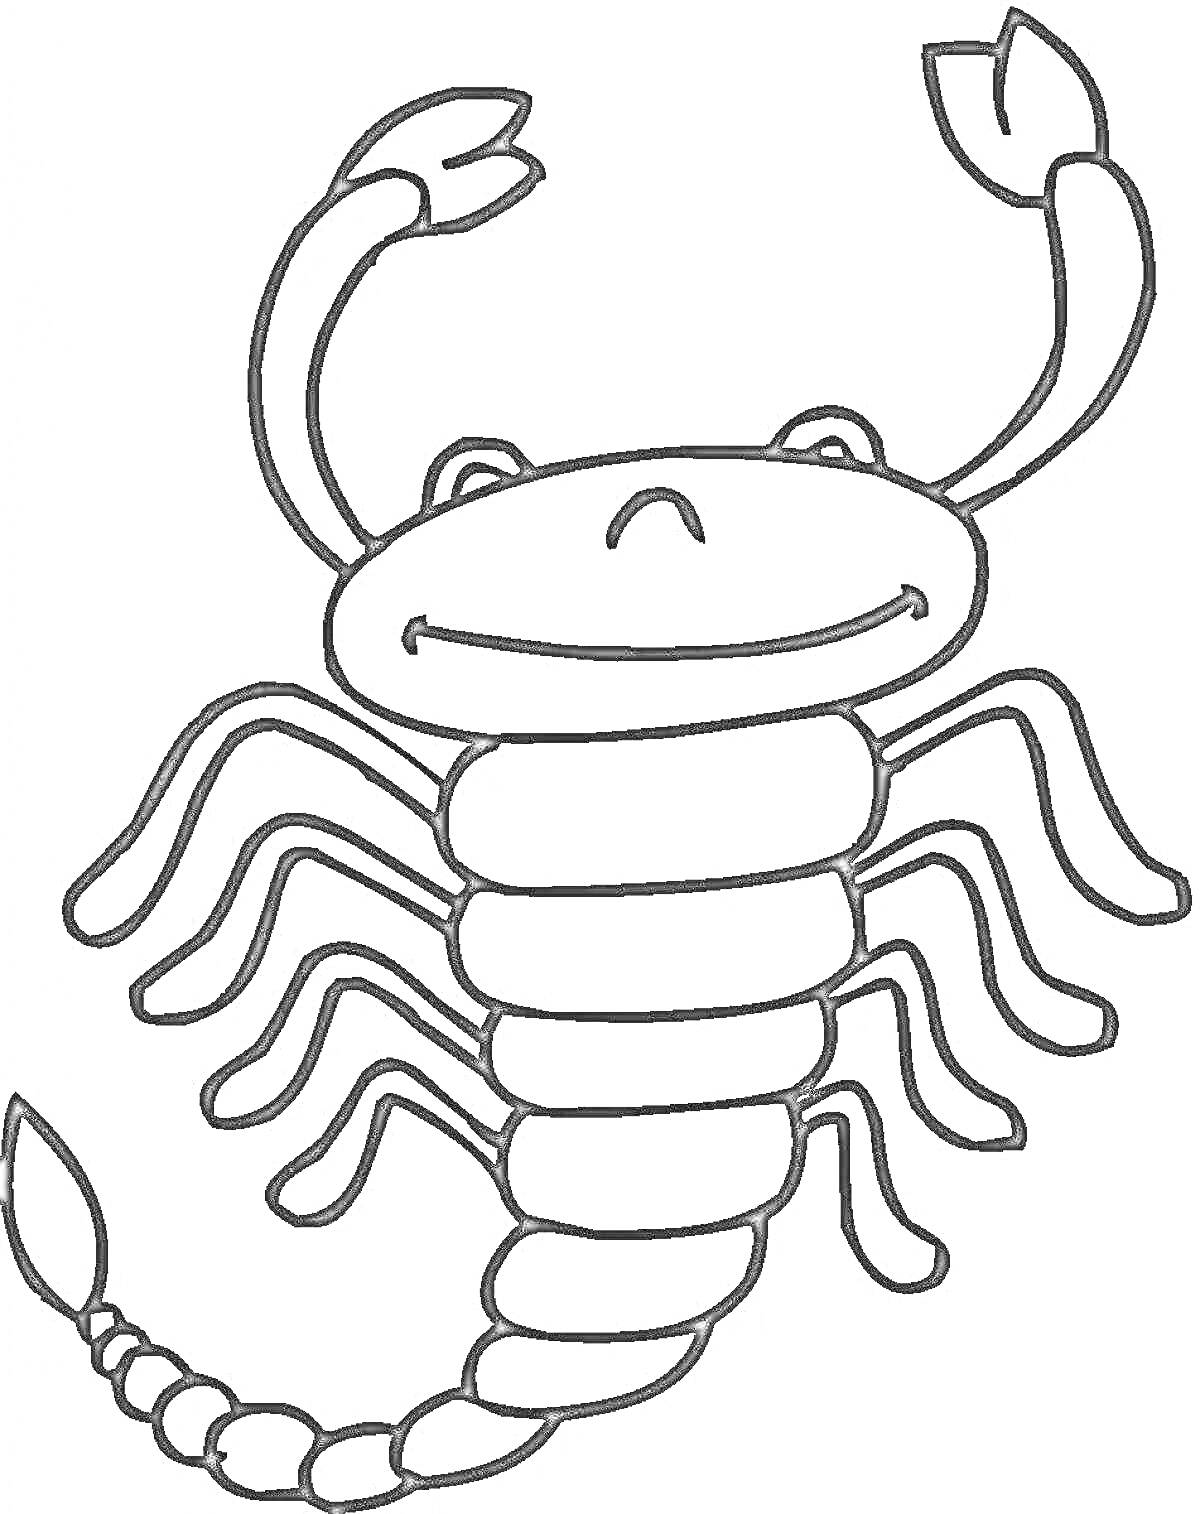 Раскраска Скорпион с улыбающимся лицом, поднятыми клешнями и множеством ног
------------------------------------------------
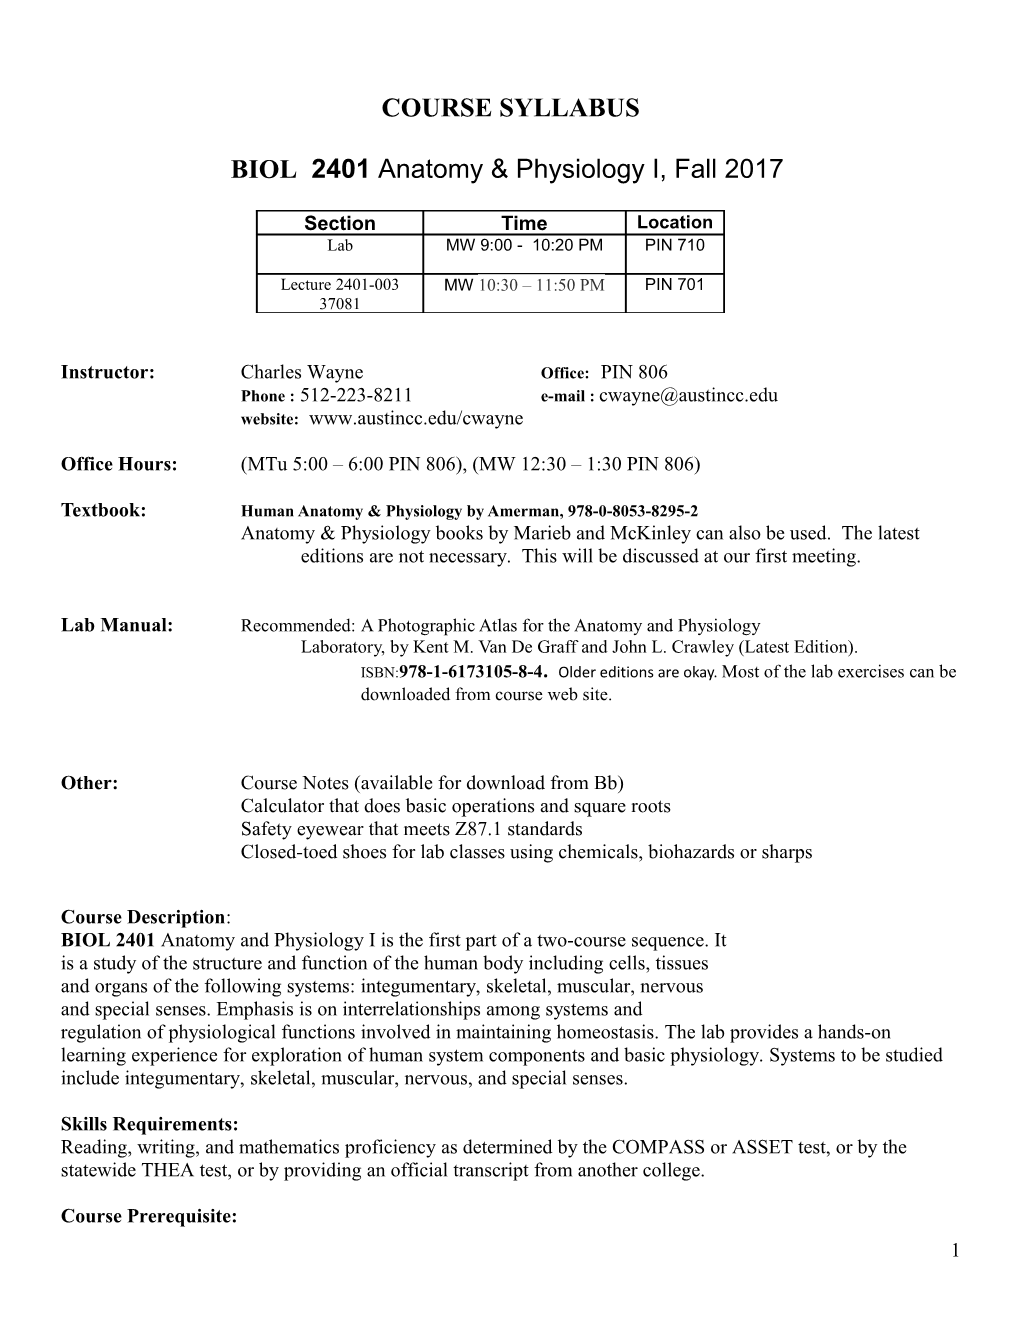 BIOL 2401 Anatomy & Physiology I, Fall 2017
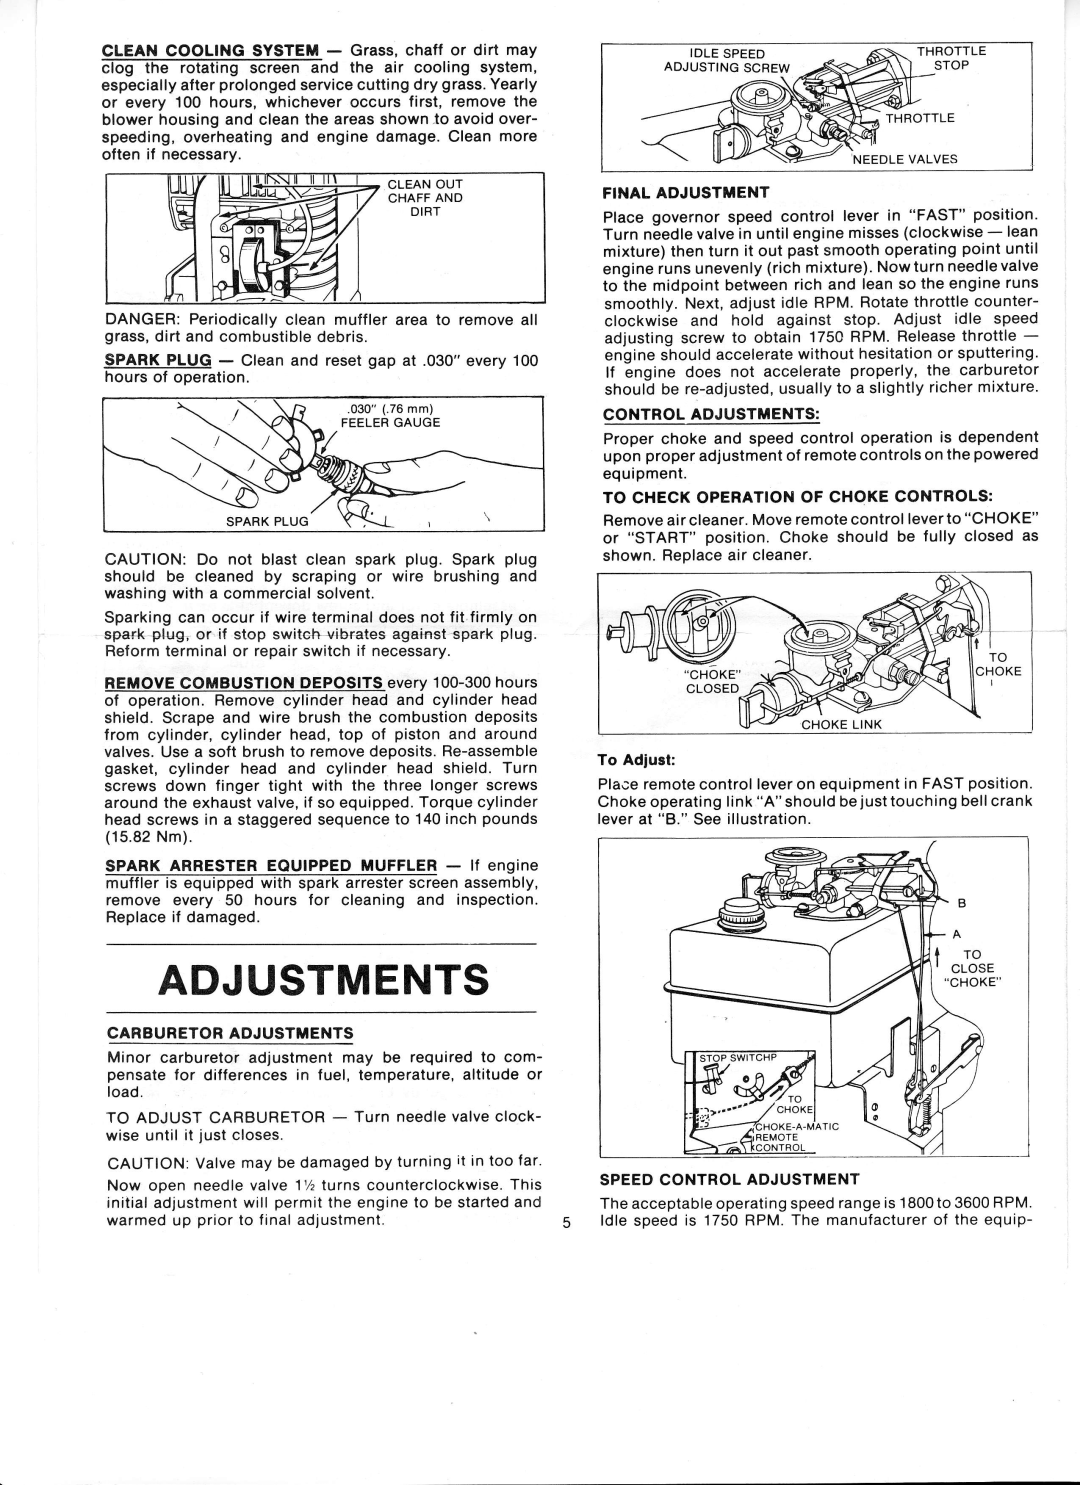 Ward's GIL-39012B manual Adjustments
------------------------------------------------
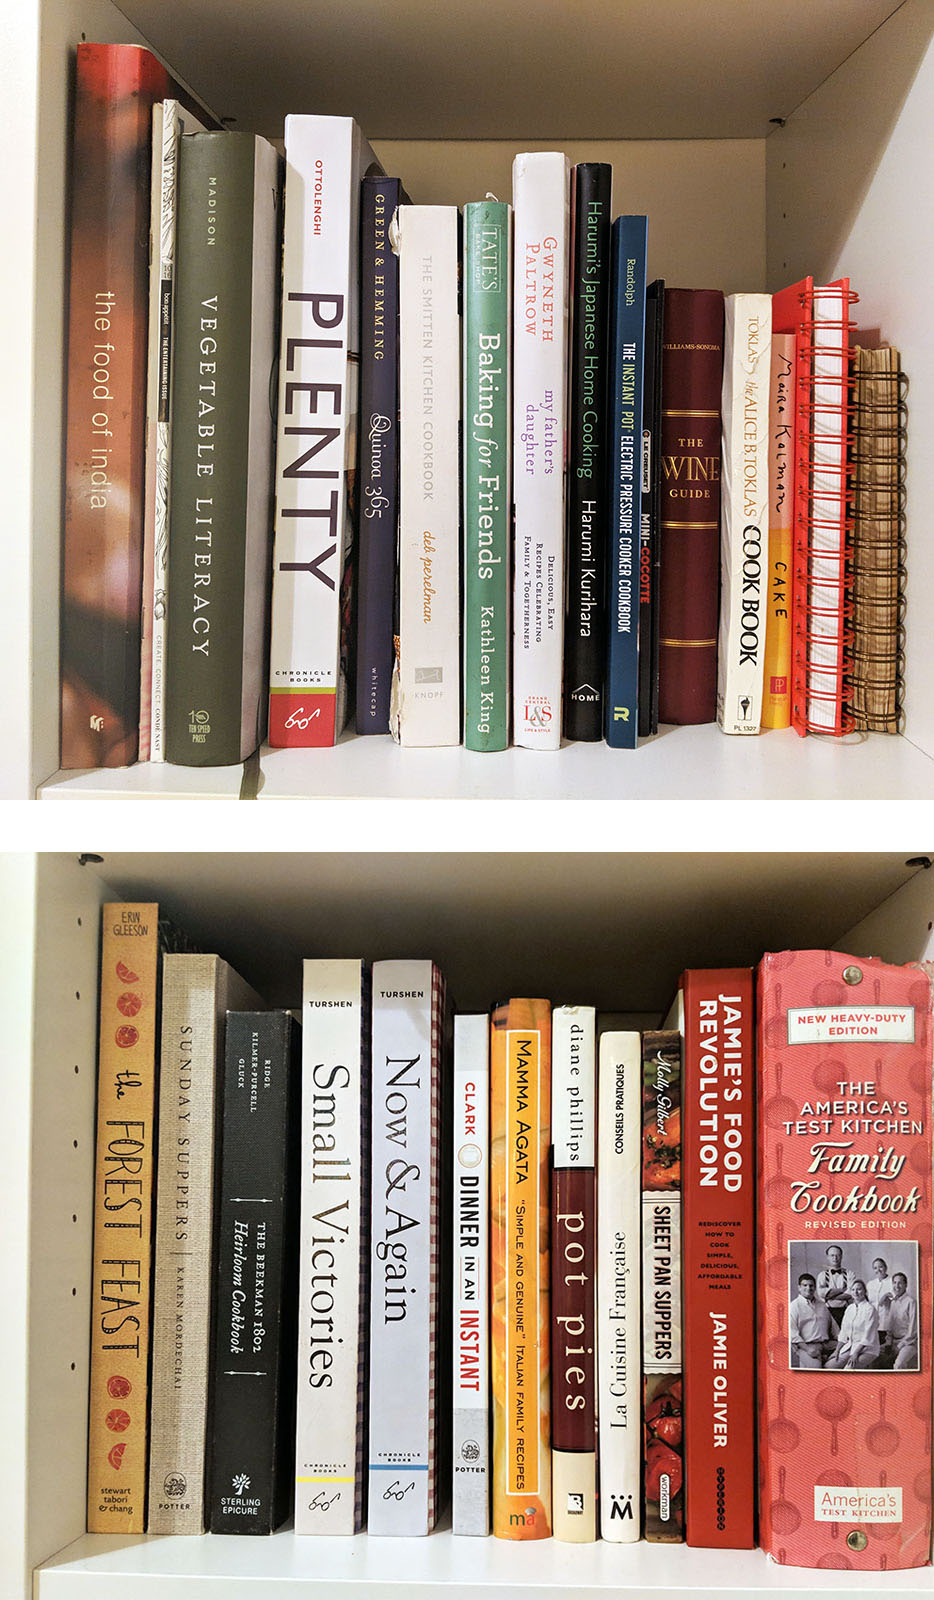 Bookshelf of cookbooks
------------------------------------------------
#### What you need to do:
Starting with the line that has "BIOL 2401 Anatomy & Physiology I, Fall 2017" and ending with the line that has "Ward's GIL-39012B manual Adjustments", repeat the lines above exactly, omitting every picture.

#### Task response:
 BIOL 2401 Anatomy & Physiology I, Fall 2017
 Ward's GIL-39012B manual Adjustments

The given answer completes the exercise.